• **Entries shown**
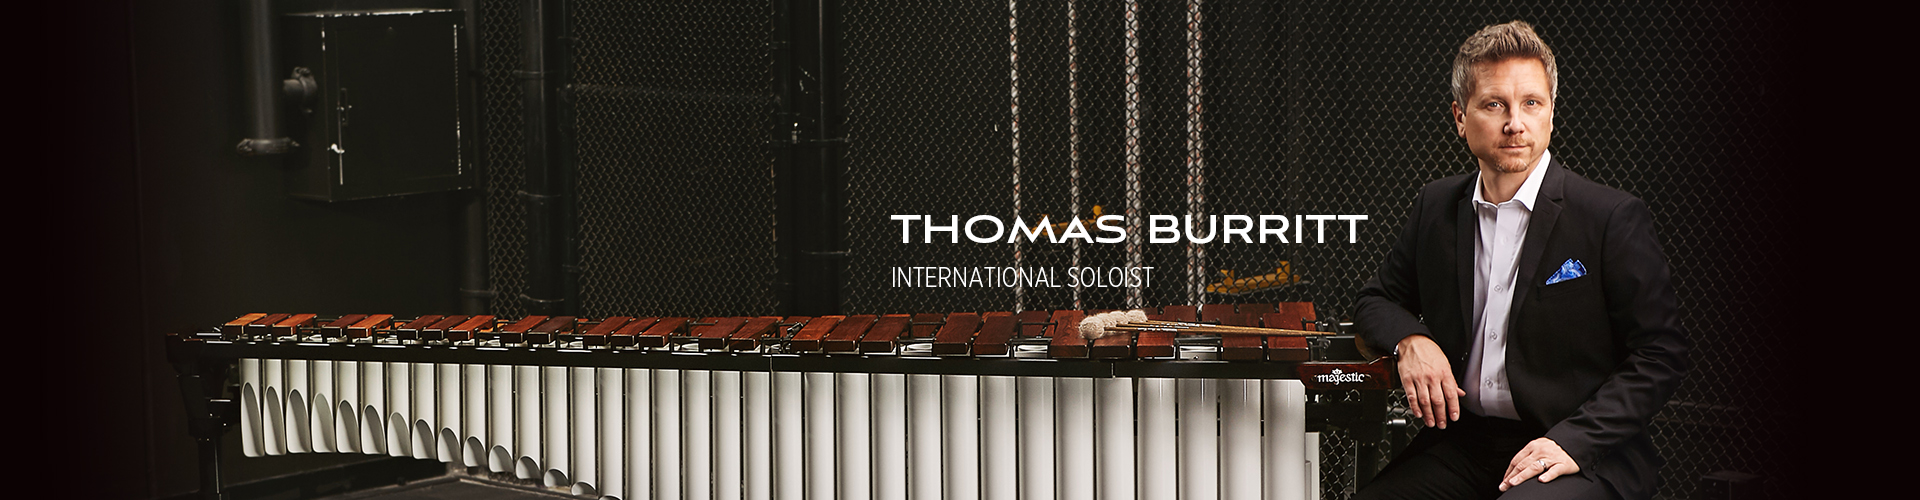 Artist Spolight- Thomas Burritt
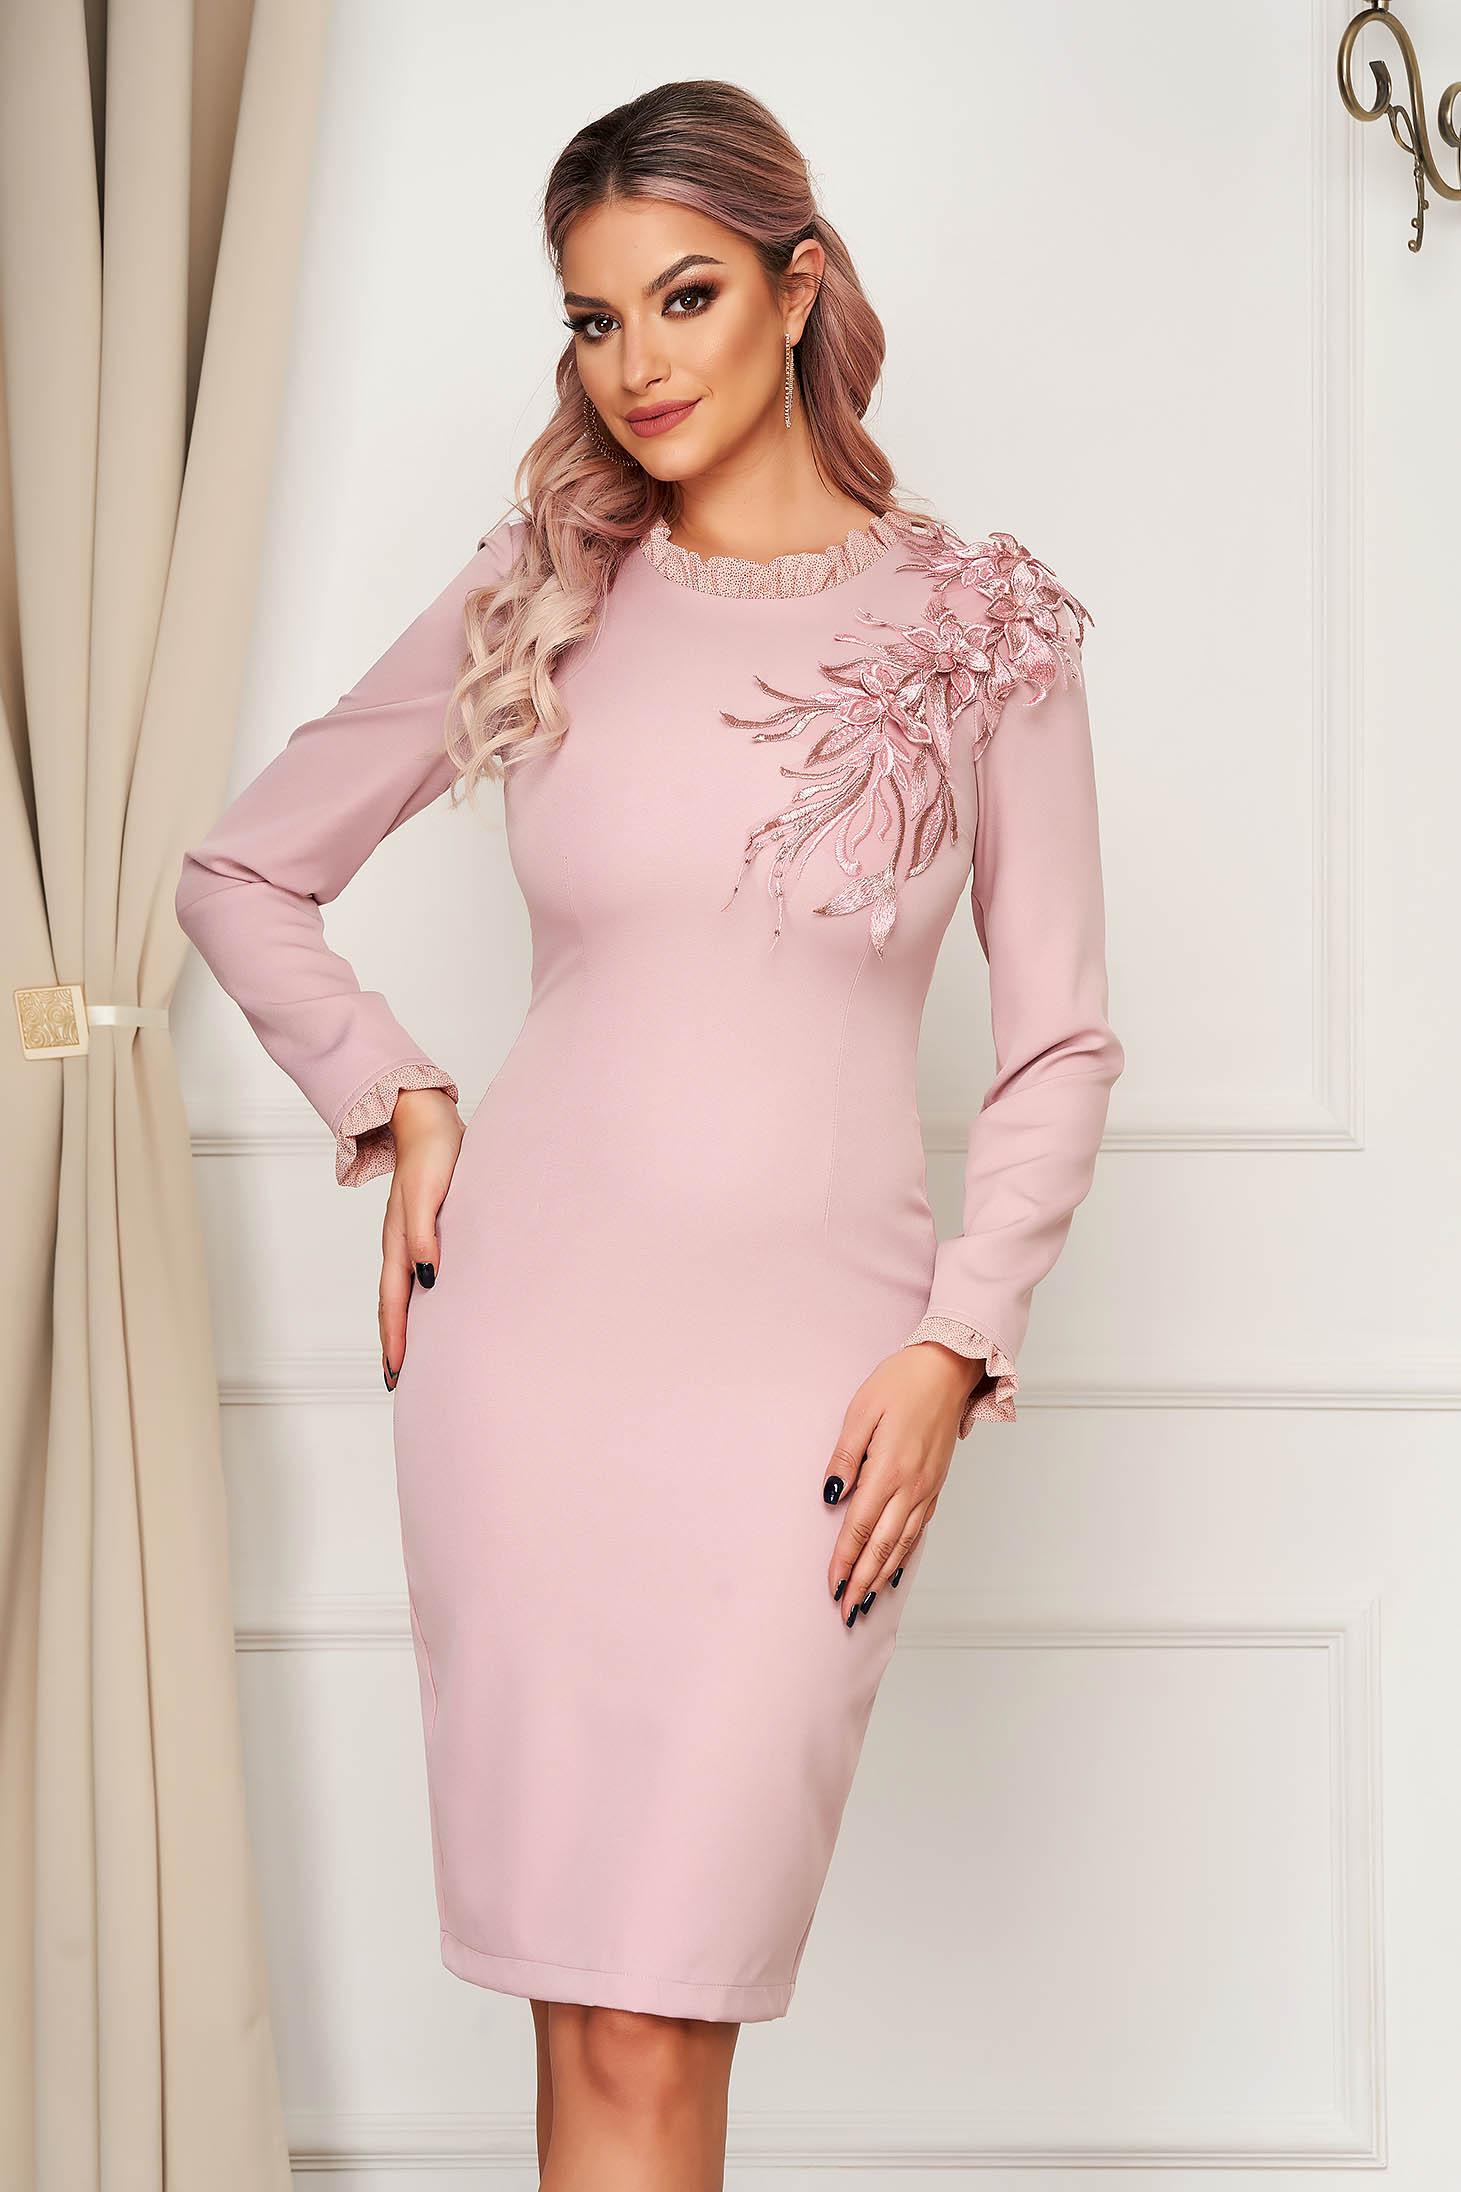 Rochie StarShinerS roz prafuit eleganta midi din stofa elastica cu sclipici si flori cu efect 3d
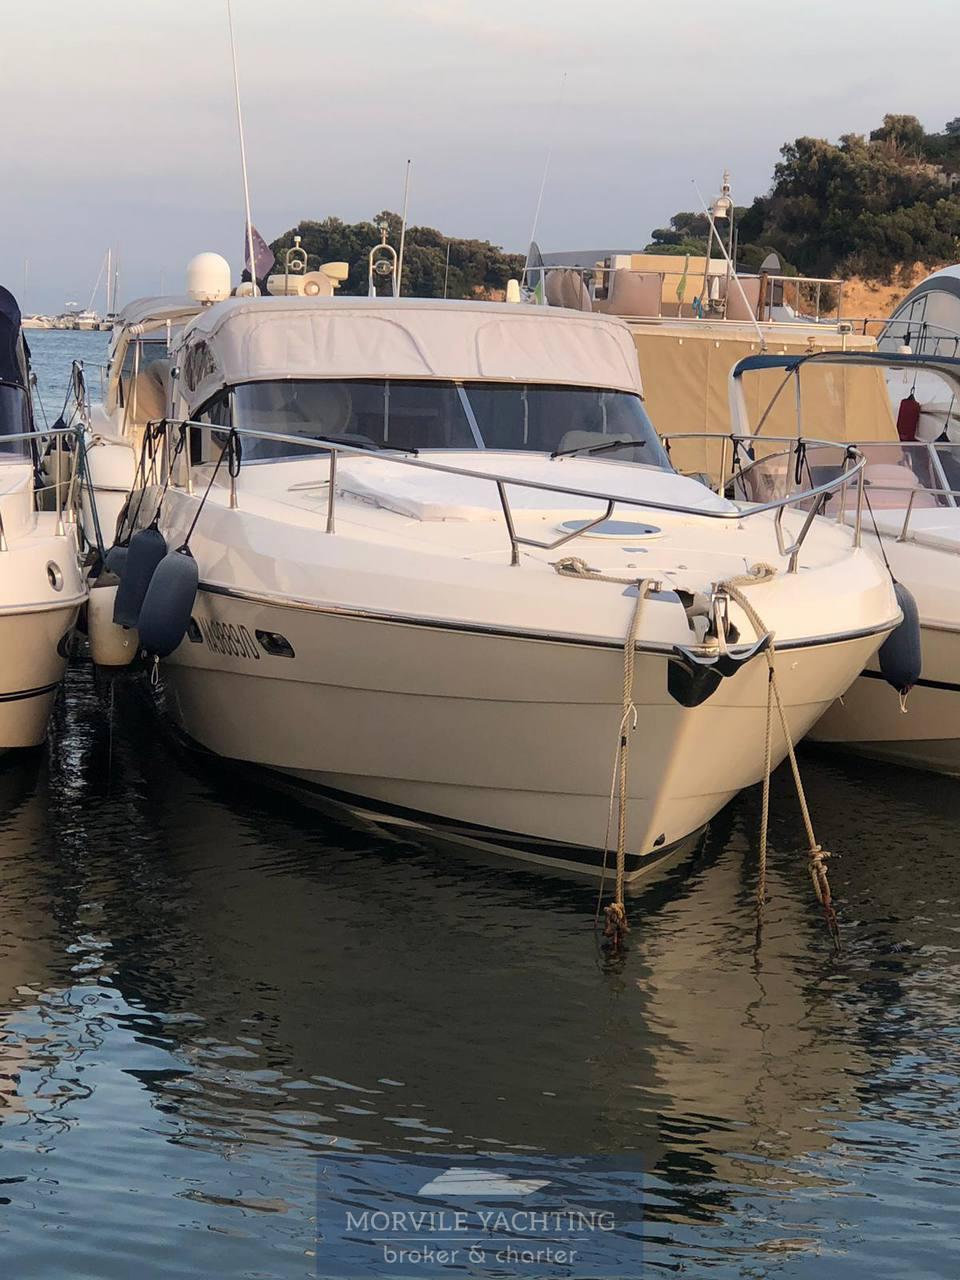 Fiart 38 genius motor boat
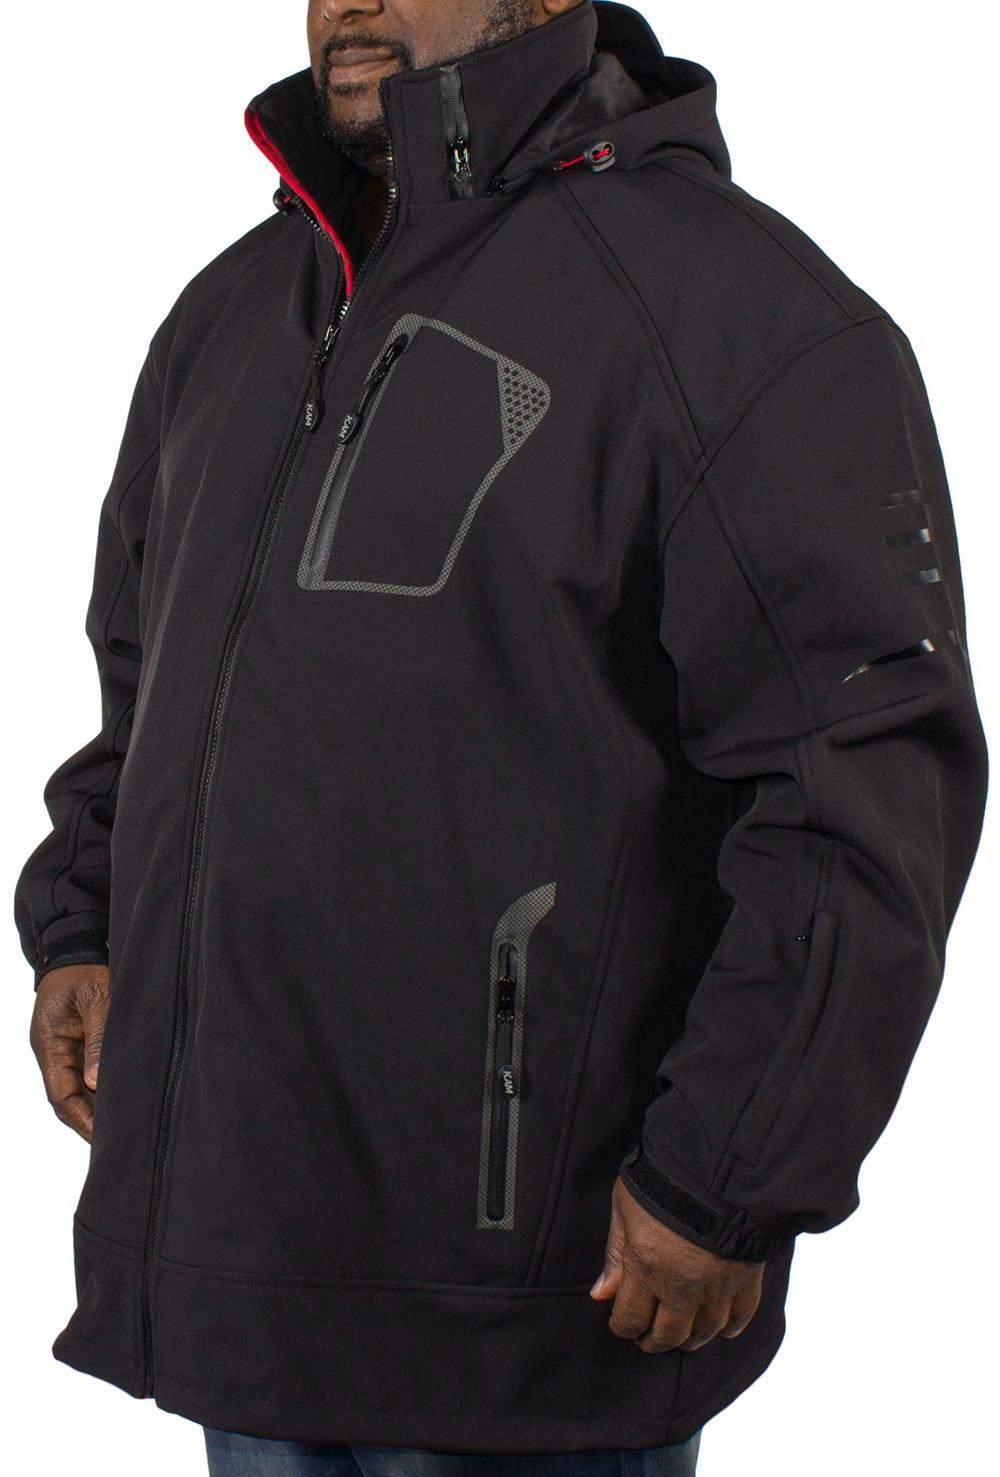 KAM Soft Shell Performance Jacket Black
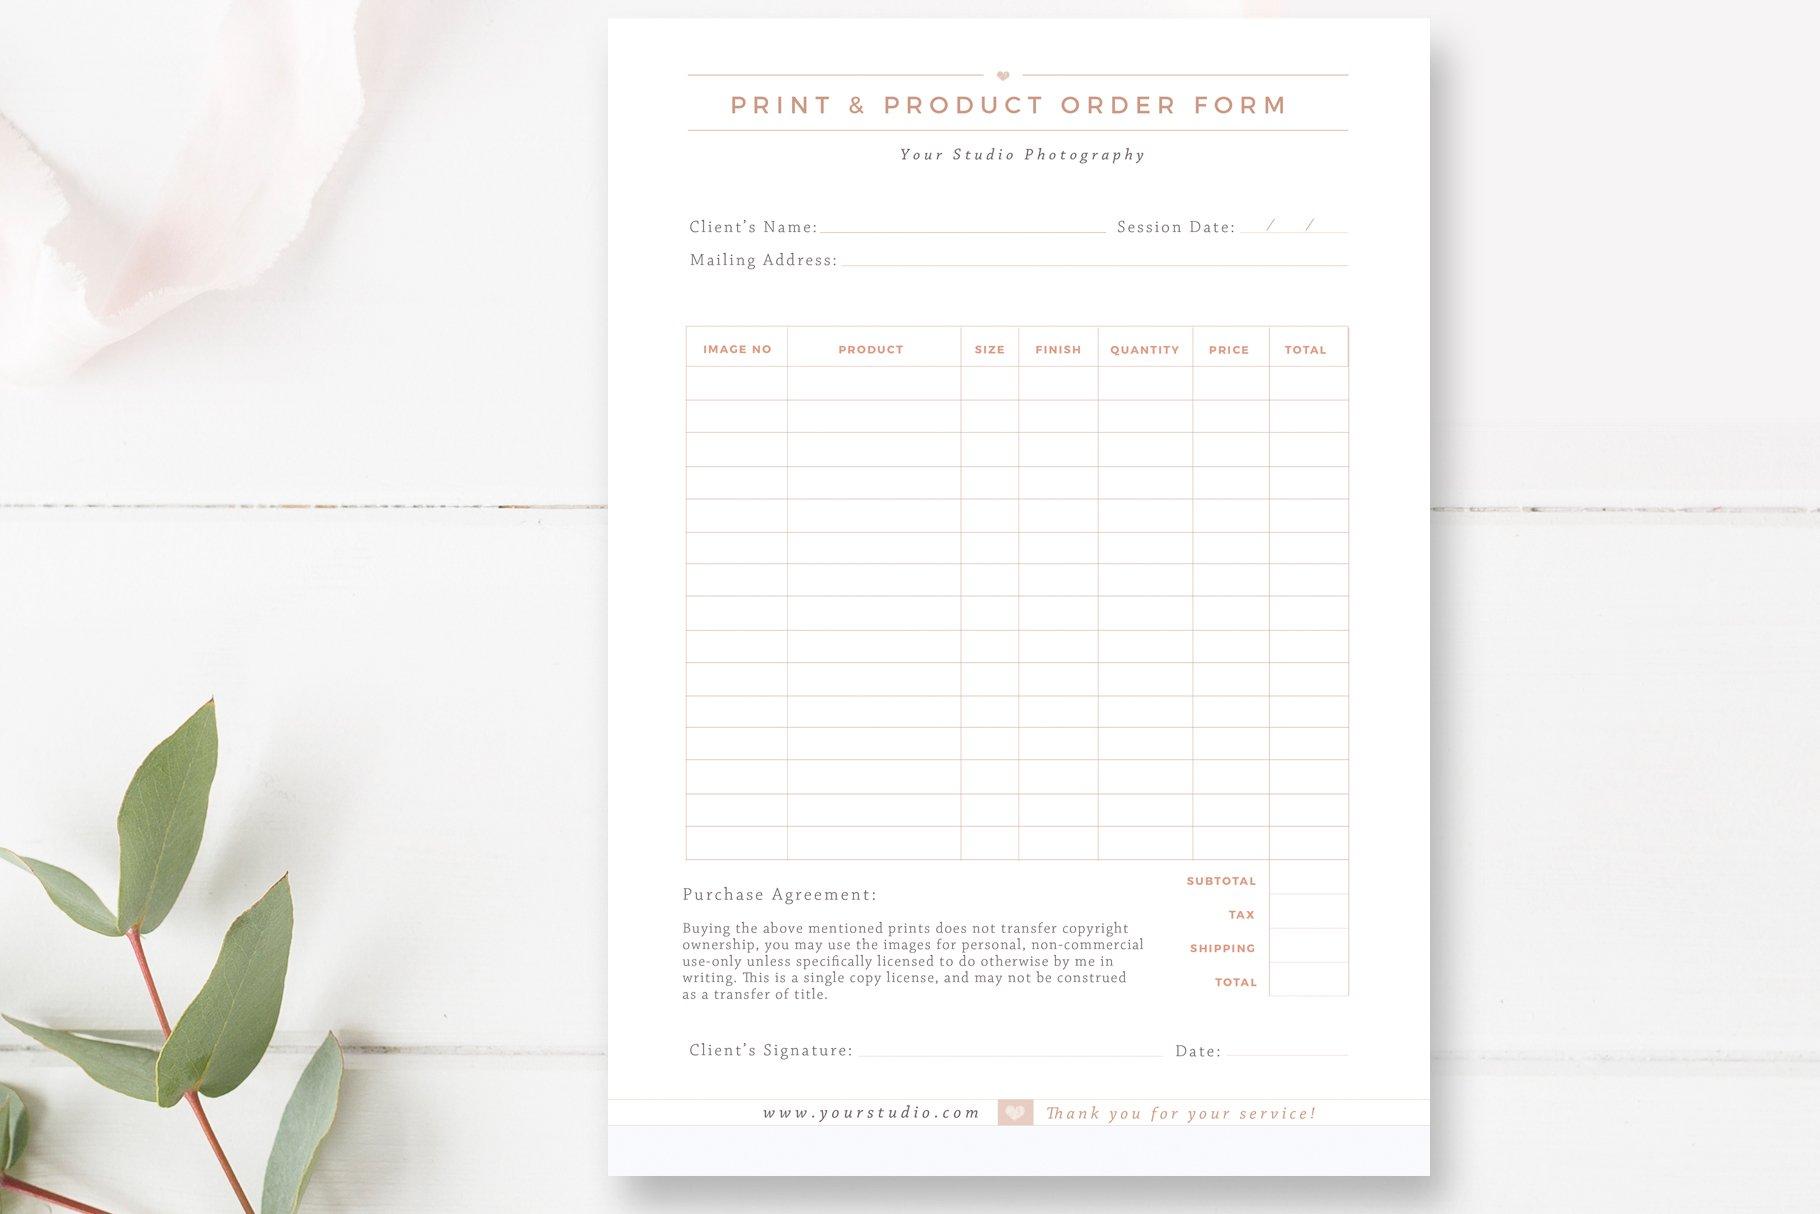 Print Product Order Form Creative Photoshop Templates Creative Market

• **To do**
Exact copy required, pictures excluded: the lines from the one holding "KAM Soft Shell Performance Jacket Black" through the last line of the data, both ends included.

• **Output of the exercise**
 KAM Soft Shell Performance Jacket Black
 Print Product Order Form Creative Photoshop Templates Creative Market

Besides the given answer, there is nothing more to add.